■ **Task brief**: Make an exact copy of the whole listing, but leave its pictures out.

■ **Provided data**:
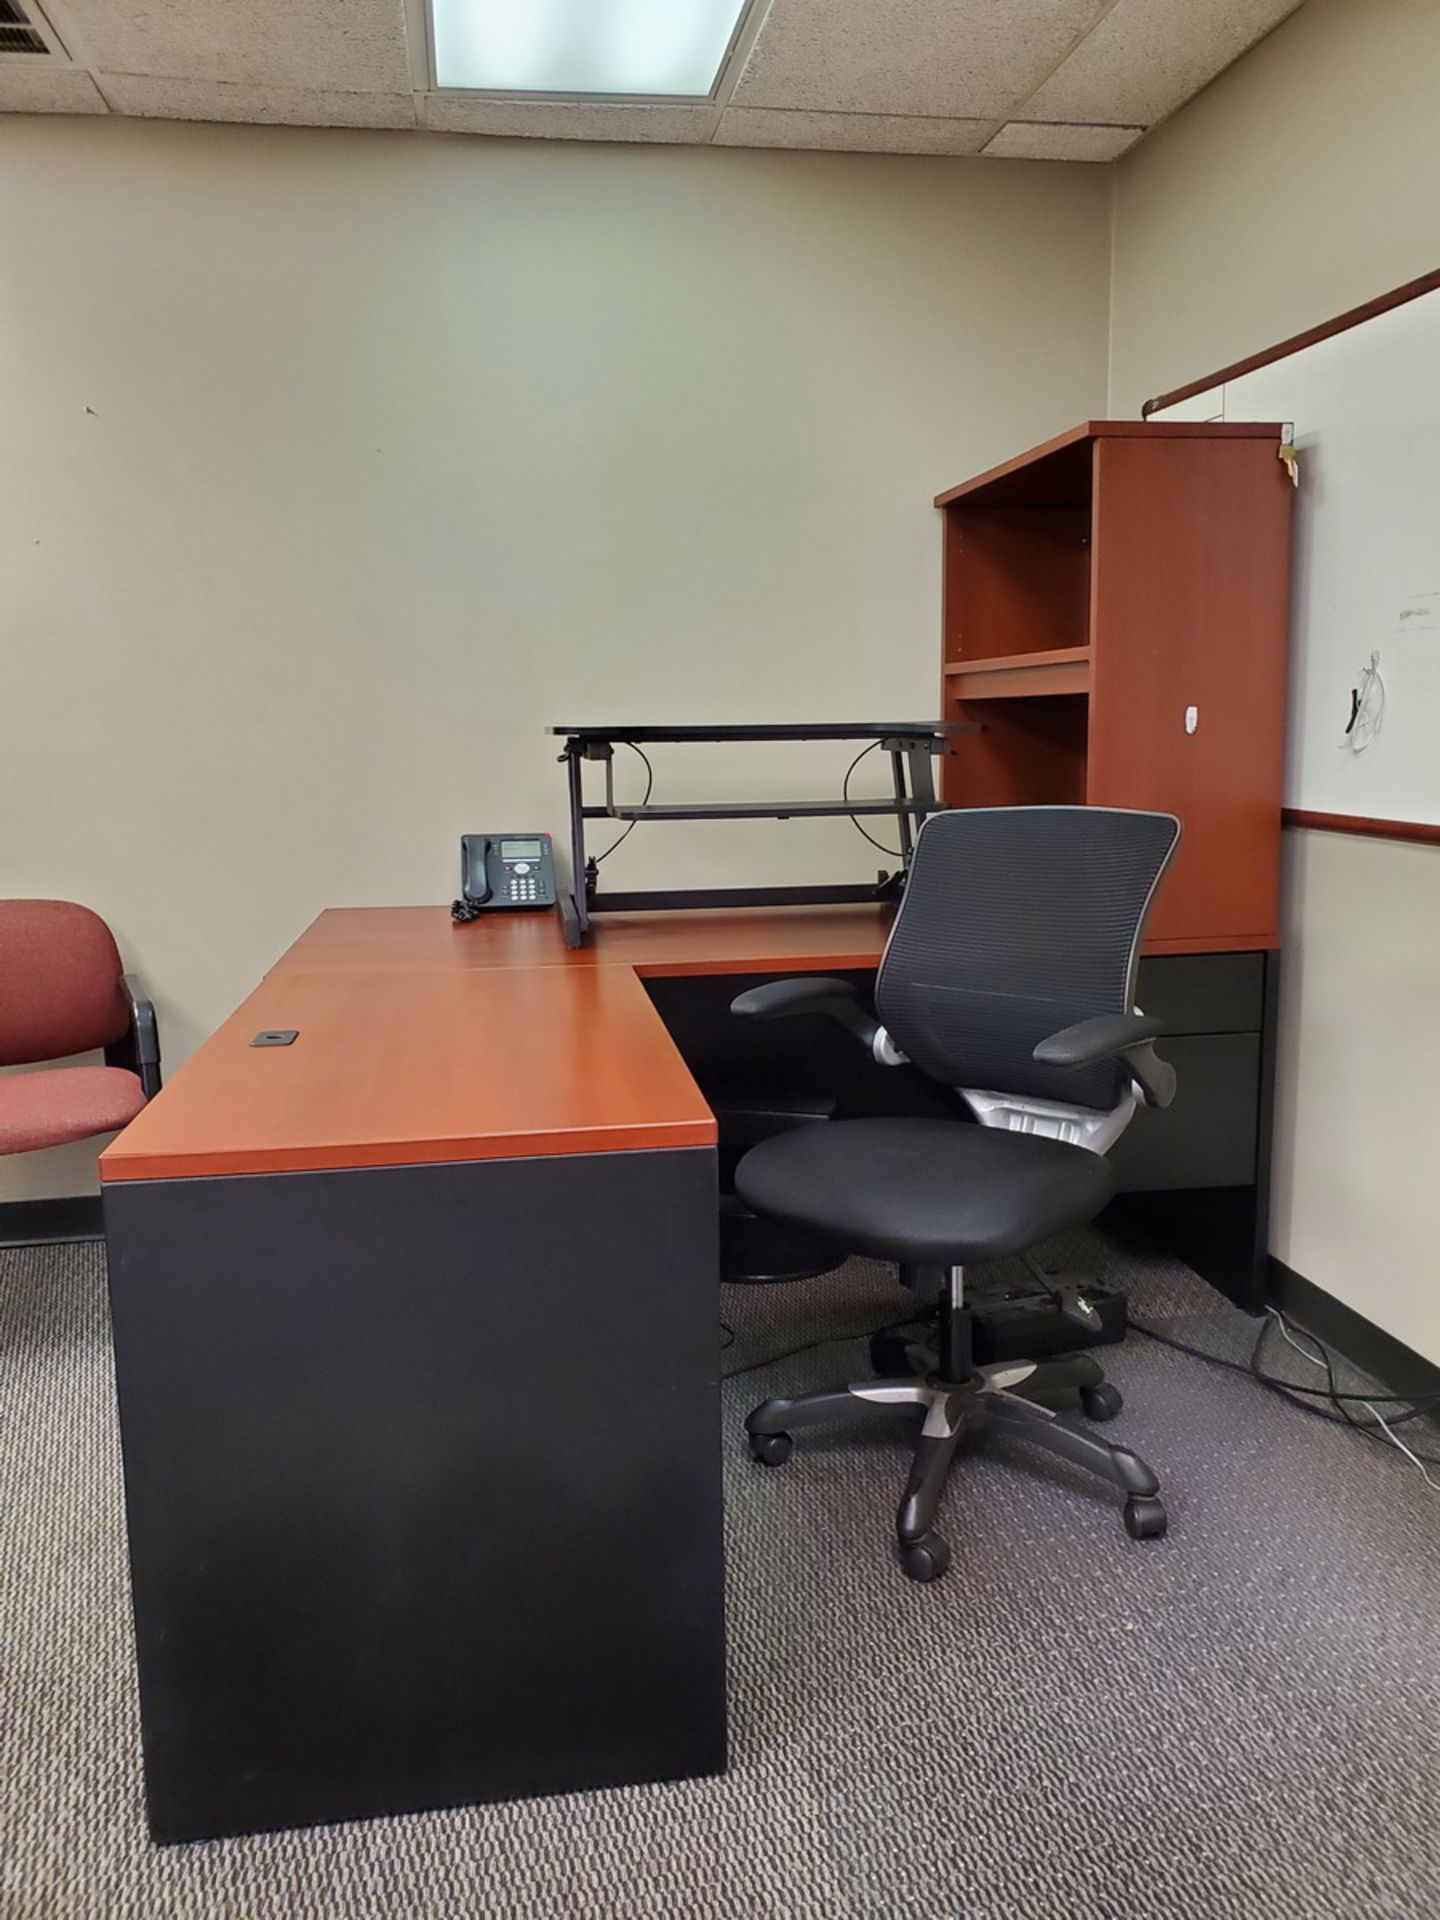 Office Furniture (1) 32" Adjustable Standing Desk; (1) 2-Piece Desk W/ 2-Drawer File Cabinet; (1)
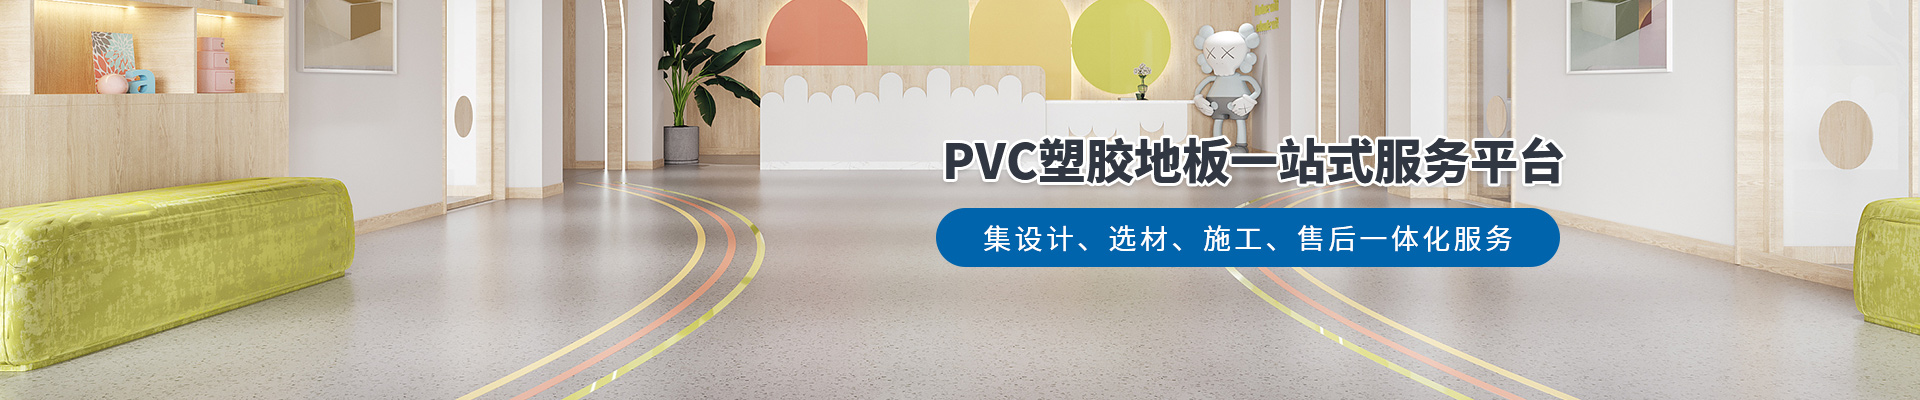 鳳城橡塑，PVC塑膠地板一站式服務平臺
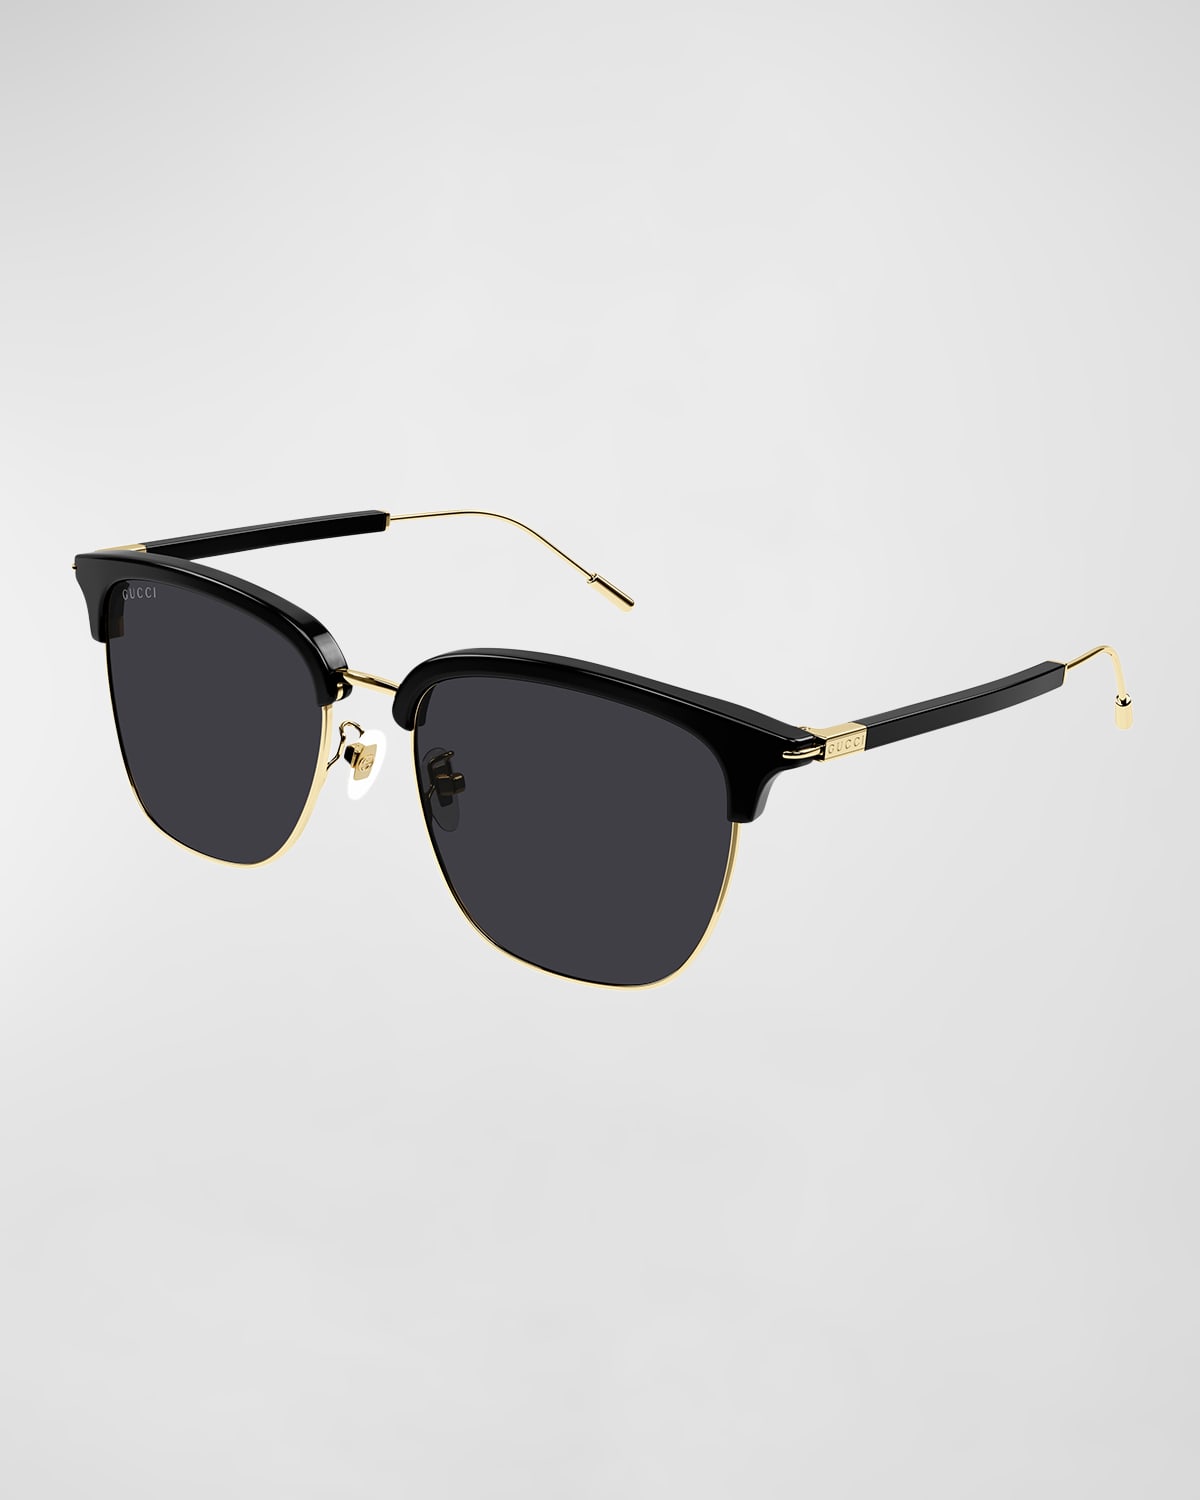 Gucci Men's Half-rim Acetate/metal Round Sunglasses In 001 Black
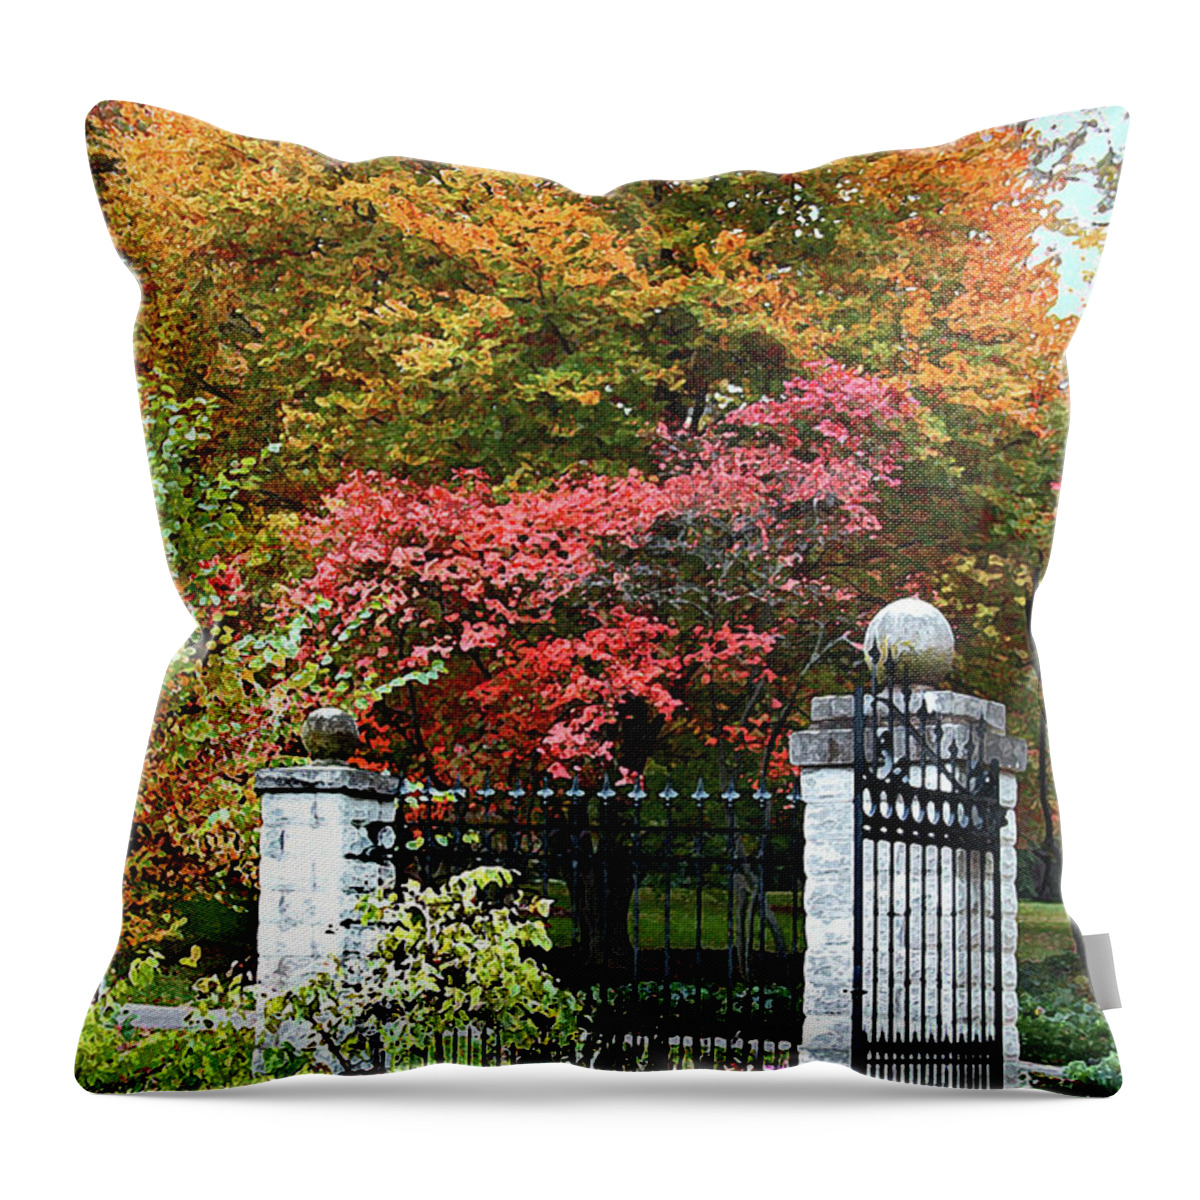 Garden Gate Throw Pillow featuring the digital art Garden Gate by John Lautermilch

■ **Response**:
 Office Furniture (1) 32" Adjustable Standing Desk; (1) 2-Piece Desk W/ 2-Drawer File Cabinet; (1)
 鳳城橡塑，PVC塑膠地板一站式服務平臺
 Gucci Men's Half-rim Acetate/metal Round Sunglasses In 001 Black
 Garden Gate Throw Pillow featuring the digital art Garden Gate by John Lautermilch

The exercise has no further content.